He looked at Chatz, and then winked one eye humorously at Elmer. But the Southern boy did not deign to take any notice.
"Come, let's go in, fellows," he said, impatiently.
With that the three started for the other side of the mill, where an entrance could most likely be much more easily effected.
Elmer continued to watch the ground, and from the satisfied look on his face Lil Artha felt sure the scout master must be discovering further traces of the missing boy.
Perhaps, after all, they would find Nat hiding inside the mill or the dwelling alongside. Perhaps he had been so busy investigating that he had not noticed their shouts, or the bugle call, for the falling water made quite a little noise.
Or, on the other hand, possibly Nat may have been seized with a sudden desire to tease his comrades in return for many a practical joke of which he had been the victim.
But one of the three was quite firm in his belief that neither of these explanations would turn out to be the true one.
Of course this was Chatz Maxfield, through whose mind had run the conviction that poor Nat Scott must have paid dearly for his temerity in invading the haunted mill.
Yes, Chatz feared that the ghost must have got Nat, though he was afraid to openly proclaim his belief. Fear of ridicule was a weakness of Chatz. It often causes boys to hide their real feelings, and even appear to be much bolder than they naturally are.
Once around the end of the mill and they saw the dwelling attached to it.
Here, too, was the old road, now overgrown with weeds and almost hidden from view. And yet, twenty years ago, in Miller Munsey's time, no doubt farmers daily drove up here with sacks of corn, wheat, or rye, to have the grain delivered to them again in the shape of flour.
"Shall we try to go in by way of the house door?" asked Lil Artha.
"No," replied Elmer, "he went in through that opening where some boards are off the side of the mill. Perhaps we'd better do the same."
"A good idea," remarked Chatz, with the air of one who could not get inside the walls of the mill too speedily to please him.
"Just as you say, Elmer," the lanky scout observed; for having been in the company of the other when the latter was acting as pathfinder to the expedition, Lil Artha was more than ever filled with admiration for his wonderful talents in discovering things supposed to be lost.
So Elmer without further hesitation ducked through the opening, with his two allies keeping close to his heels.
At any rate it was somewhat more restful inside the mill.
Those walls, even if now going rapidly into a condition of decay, shut out some of the noise caused by the falling water.
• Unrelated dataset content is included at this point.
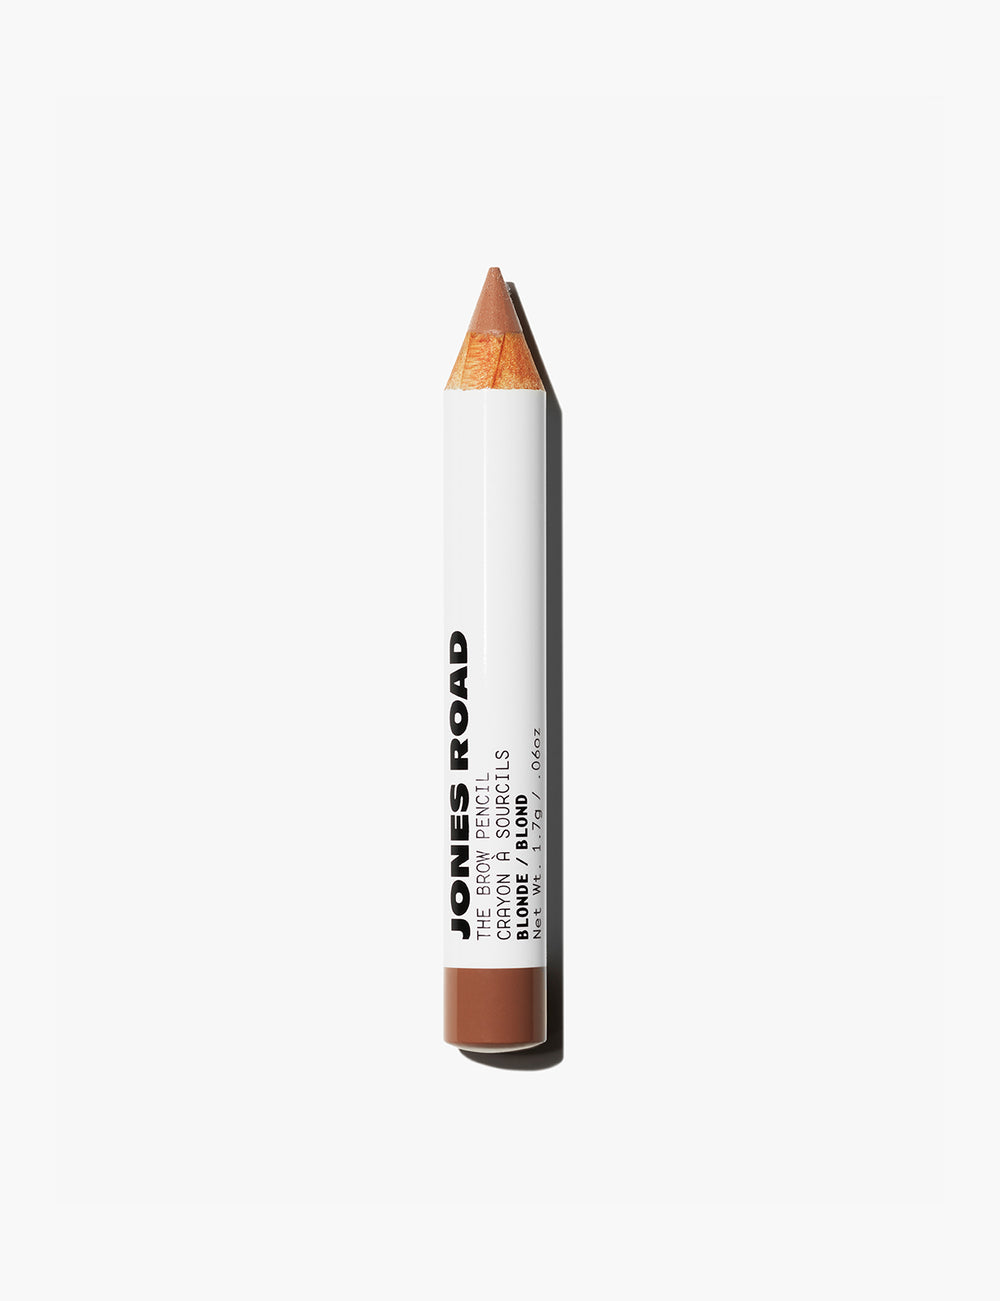 Jones Road clean eyebrow pencil in blonde

Lil Artha and Chatz both looked about them eagerly, even anxiously, as soon as they found themselves within those walls which had once resounded to the clatter of the grinding.
Their motives, however, were probably as far apart as the two poles; while the long-legged scout hoped, yet dreaded, to see the figure of Nat Scott lying somewhere about, Chatz, on the other hand, was anticipating discovering some token of ghostly visitors.
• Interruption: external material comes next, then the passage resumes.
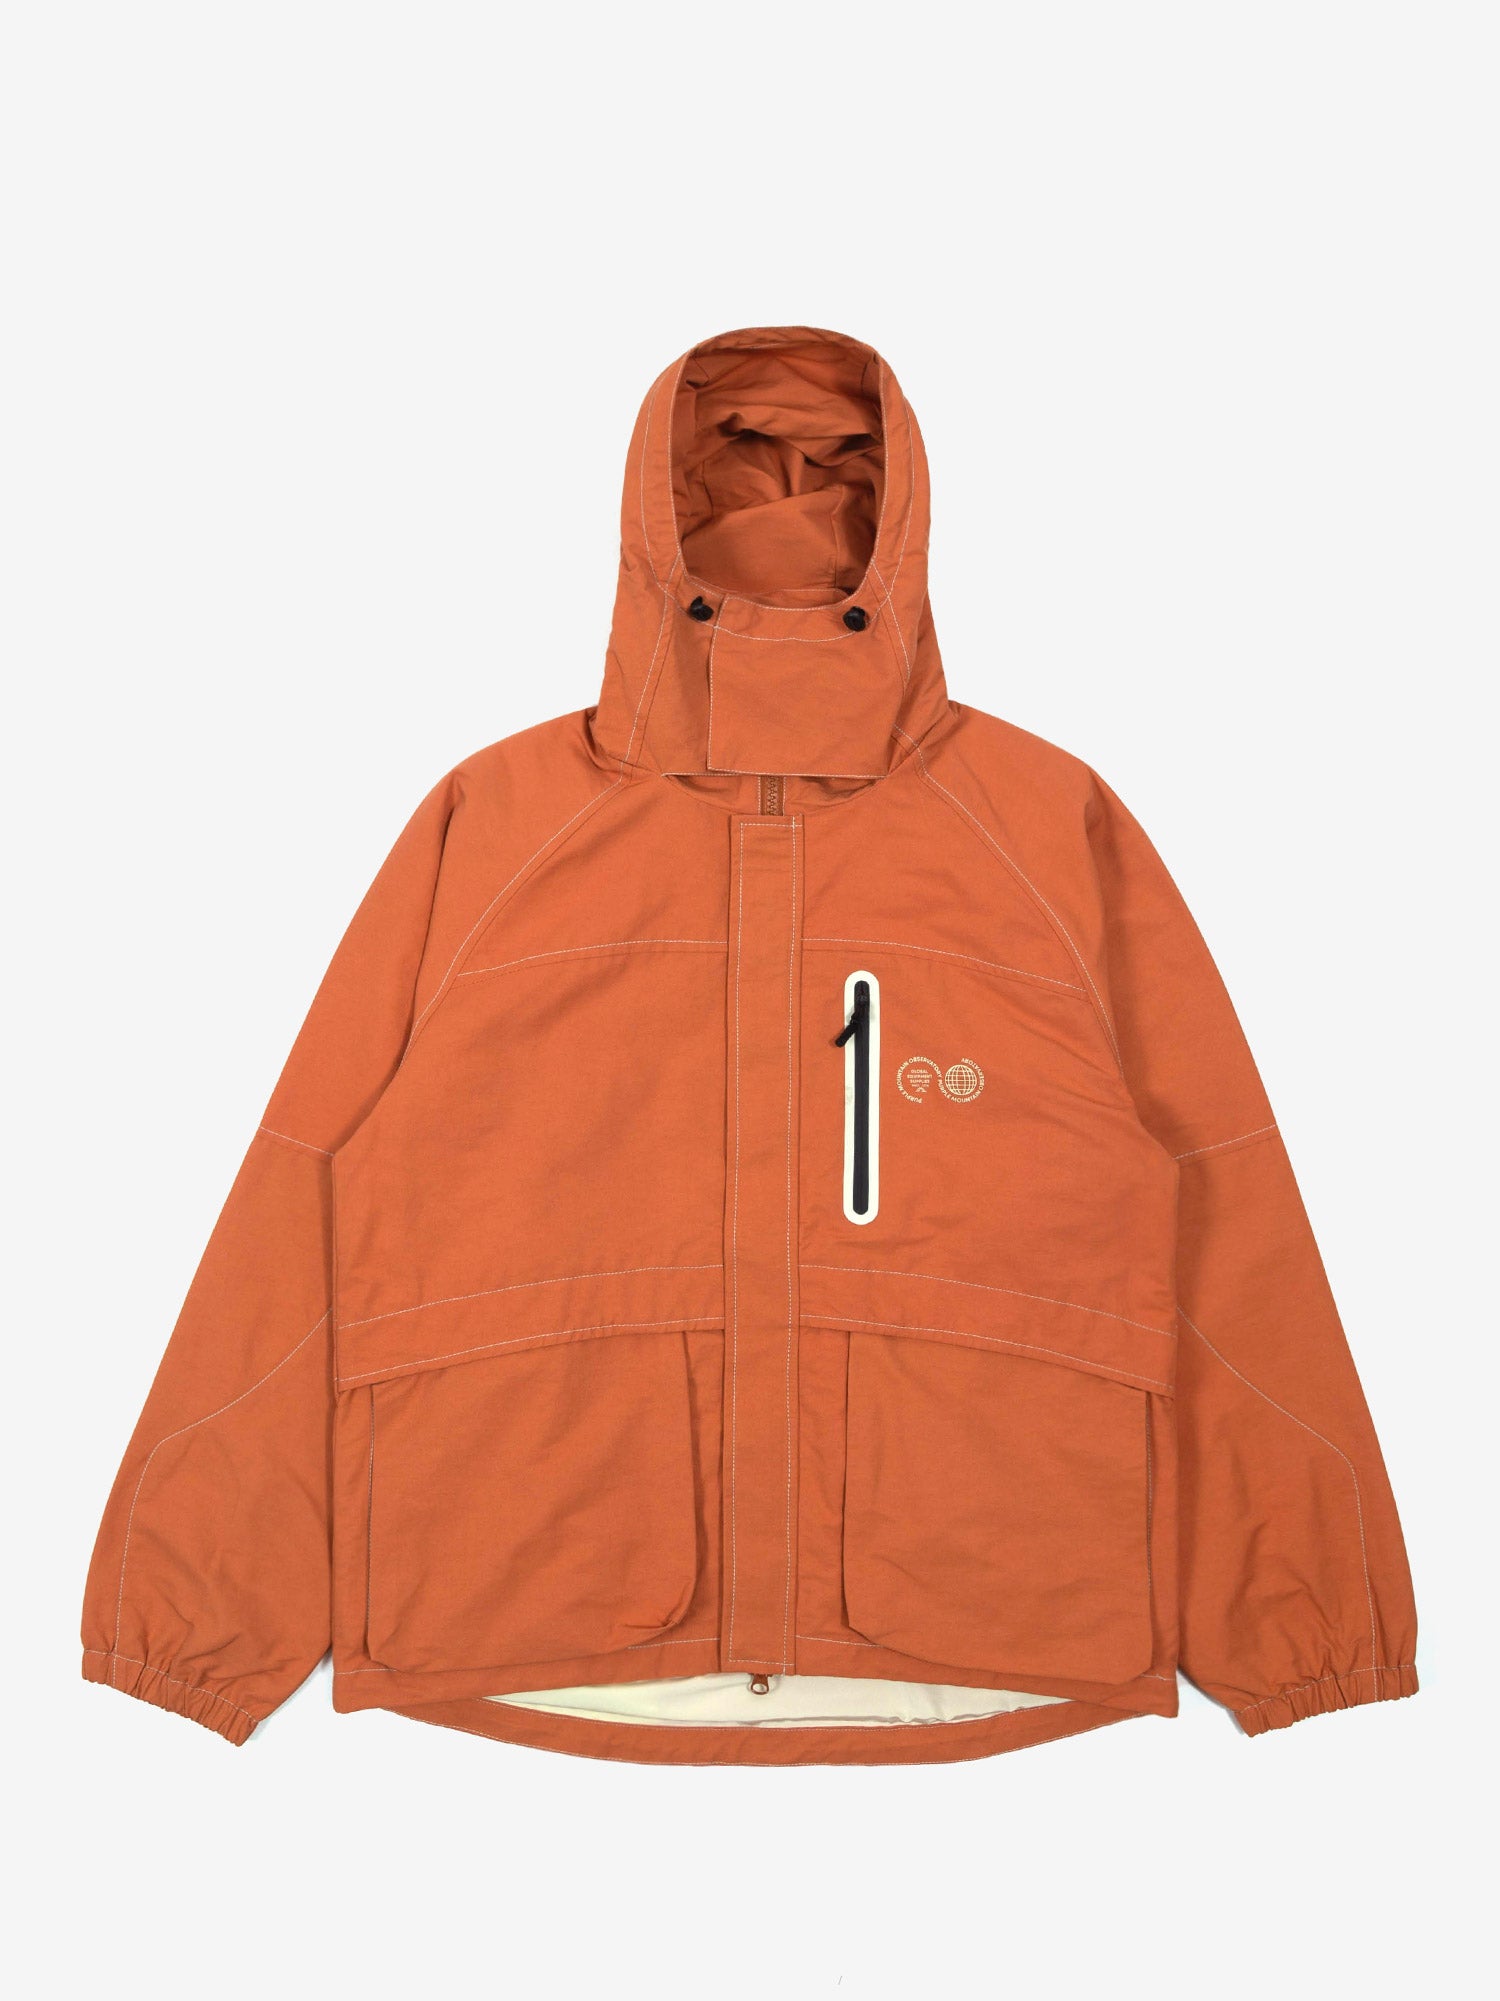 PMO Tokai Hooded Jacket Burnt Peach

Nothing rewarded either of them, however. The interior of the mill was of course in a generally dilapidated condition. What remnants of the crushing and milling machinery remained were rusty and broken, as though tramps may have made the place a refuge, and tried to destroy what they could not carry away to sell.
The boards creaked dismally under their tread. More than that, they were loose in places, and Lil Artha, stepping upon the end of one, might have vanished through a gap in the floor only that his agility saved him.
"Wow, would you see that, now, Elmer!" he exclaimed, his voice sounding strange amidst such singular surroundings.
"You made a neat side step, old fellow," said the one addressed. "Some of us, more clumsy, would have slid down into the cellar."
"Say, now, I wonder—" began Lil Artha, and then stopped to stare at the treacherous plank that formed such a trap.
"You're wondering whether poor old Nat could have taken that tumble?" suggested Elmer.
"That's what I was; what do you think?" asked the tall scout.
"Here, lay hold and we'll soon find out," remarked Elmer, bending over the loose plank.
It required considerable tugging to get it out of the bed it had occupied so long, even if it was fastened by no nails.
Both of them lay down and thrust their faces into the gap.
"Looks pretty dark down there, don't it?" asked Lil Artha, who was secretly shivering with the anticipation of making a grewsome discovery, but who would not have his comrades know the true condition of his nerves for a good deal.
"It sure does that," was Elmer's reply.
"I can just make out something or other lying down there; it might be an old log, you know, and again, p'raps it ain't."
Lil Artha did not venture to say plainly that he more than half feared lest the object he could see might turn out to be poor Nat Scott. But that was a fact.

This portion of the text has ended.